Data provided:
————————
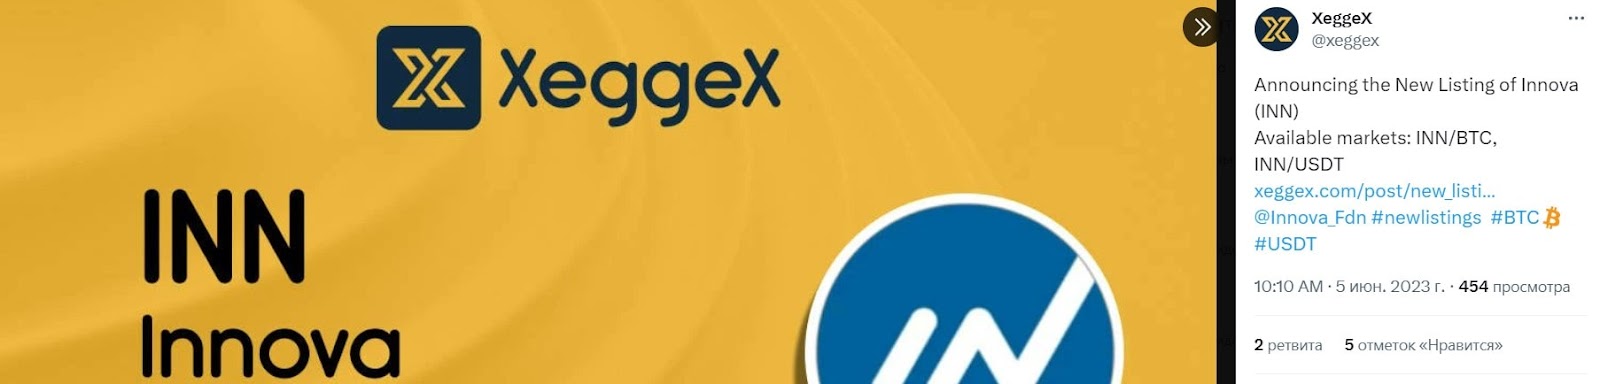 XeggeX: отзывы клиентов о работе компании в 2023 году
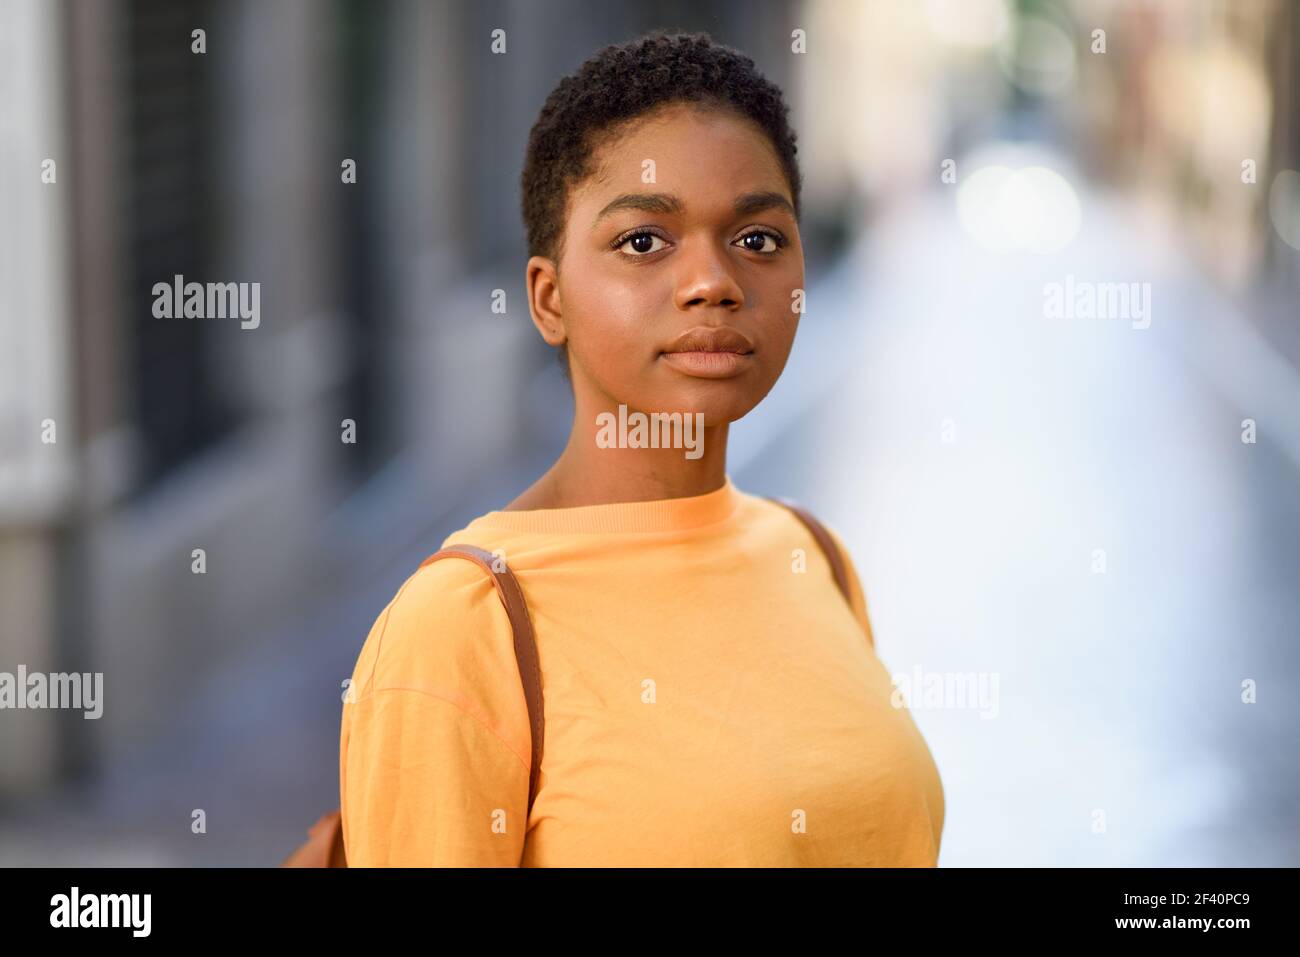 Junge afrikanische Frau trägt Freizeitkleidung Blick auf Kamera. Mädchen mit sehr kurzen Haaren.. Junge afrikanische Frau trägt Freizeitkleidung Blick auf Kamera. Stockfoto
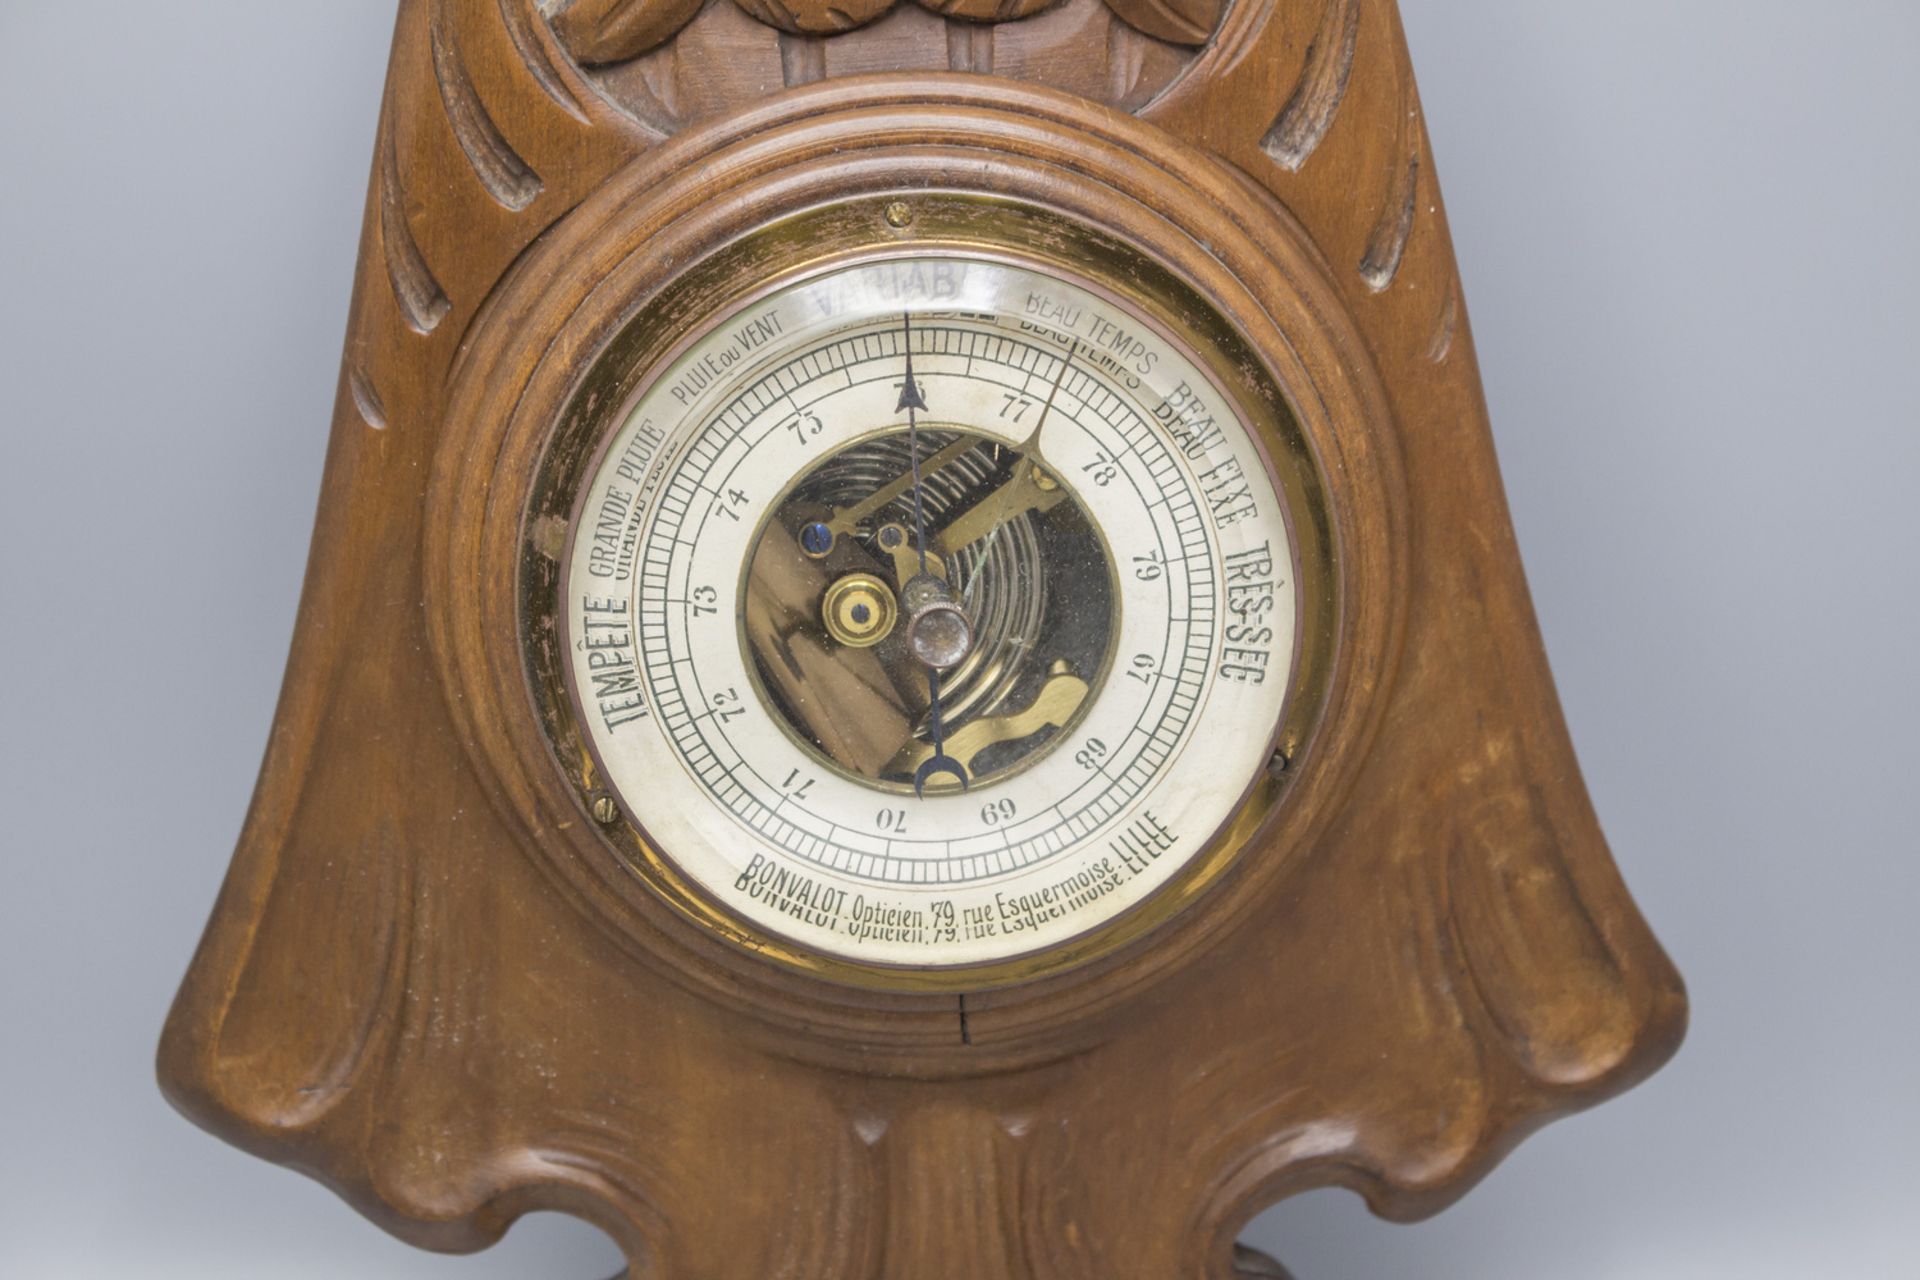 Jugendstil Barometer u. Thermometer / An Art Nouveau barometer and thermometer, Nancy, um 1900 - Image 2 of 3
————————
Description of the task: Leave out the pictures and give the listing above again exactly.

Exercise result:
 XeggeX: отзывы клиентов о работе компании в 2023 году
 Junge afrikanische Frau trägt Freizeitkleidung Blick auf Kamera. Mädchen mit sehr kurzen Haaren.. Junge afrikanische Frau trägt Freizeitkleidung Blick auf Kamera. Stockfoto
 Jugendstil Barometer u. Thermometer / An Art Nouveau barometer and thermometer, Nancy, um 1900 - Image 2 of 3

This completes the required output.